/A-B-Testing

Primary LanguageJupyter Notebook

A/B Testing with Epsilon Greedy and Thompson Sampling

Project Overview

This project explores the implementation and comparison of two popular multi-armed bandit algorithms: Epsilon Greedy and Thompson Sampling. Multi-armed bandit problems involve a trade-off between exploration (trying different arms) and exploitation (choosing the best-known arm). These algorithms are commonly used in scenarios like online advertising, recommendation systems, and more.

  1. Create a Bandit Class: Implement a class to represent the bandit arms, which are used in both Epsilon Greedy and Thompson Sampling algorithms.

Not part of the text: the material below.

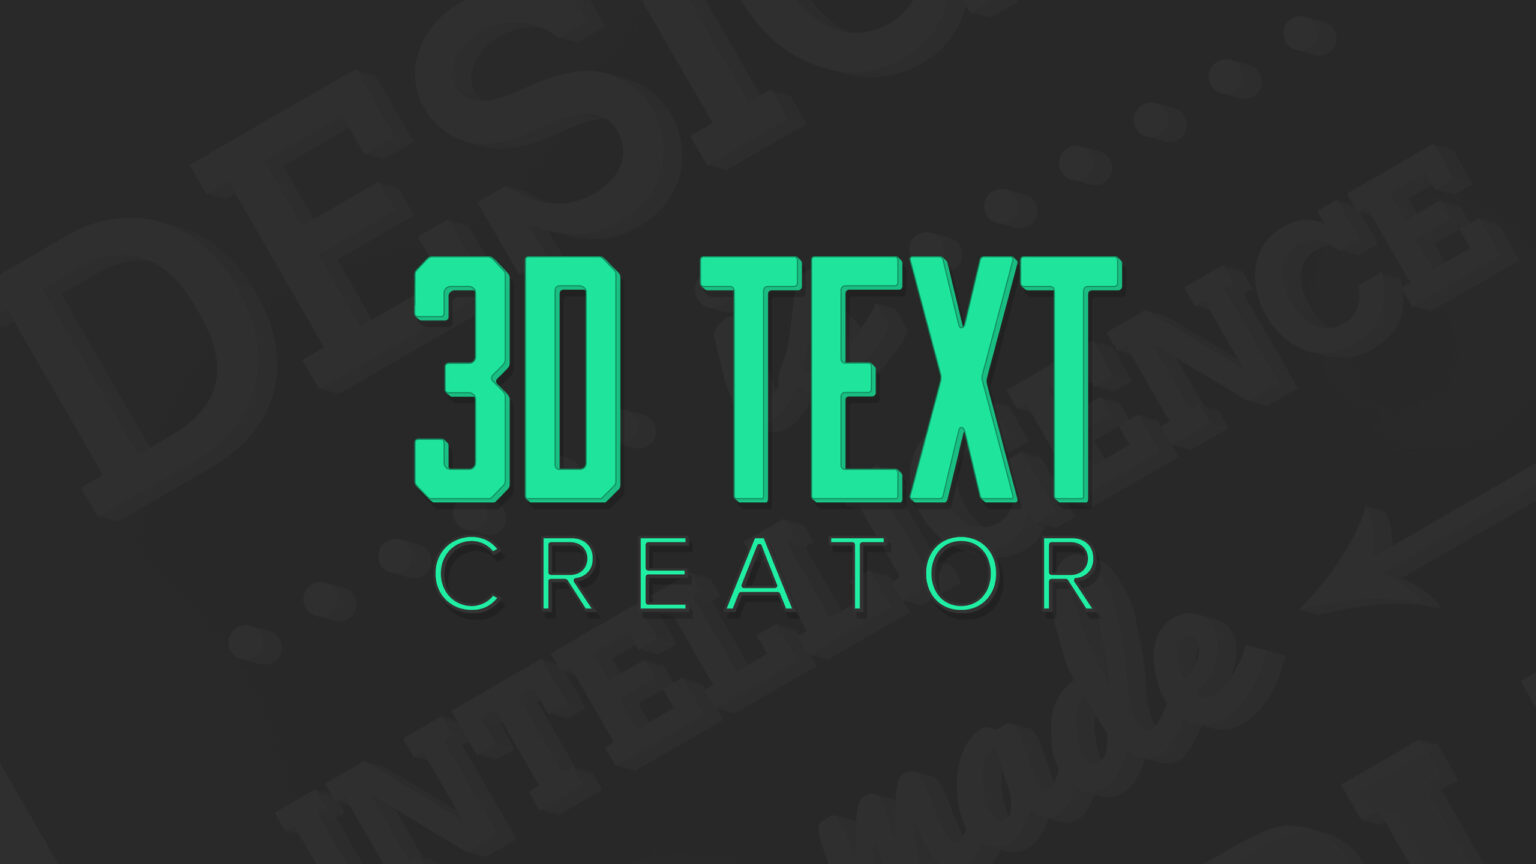 font style cool fancy text generator

  2. Create EpsilonGreedy() and ThompsonSampling() Classes and Methods: Implement classes and methods for the Epsilon Greedy and Thompson Sampling algorithms, both of which are inherited from the Bandit class.

    • Epsilon Greedy:

      • Implement an Epsilon Greedy class that decays epsilon by 1/t.
      • Design the experiment using the Epsilon Greedy algorithm.
    • Thompson Sampling:

      • Implement a Thompson Sampling class with known precision.
      • Design the experiment using the Thompson Sampling algorithm.
  3. Report:

    • Visualize the Learning Process: Implement a method plot1() to visualize the learning process for each algorithm.
    • Visualize Cumulative Rewards: Compare and visualize cumulative rewards from Epsilon Greedy and Thompson Sampling.
    • Store the Rewards in a CSV File: Create CSV files that store experiment data, including Bandit, Reward, and Algorithm information.
    • Print Cumulative Reward: Display the cumulative reward achieved by the algorithms.
    • Print Cumulative Regret: Display the cumulative regret of each the algorithms.

Structure

  • bandit.py: Defines the abstract class for bandit arms, Epsilon Greedy and Thompson Sampling algorithm implementations and functions for visualizing experiment results.
  • Report.ipynb: A report of experiment results.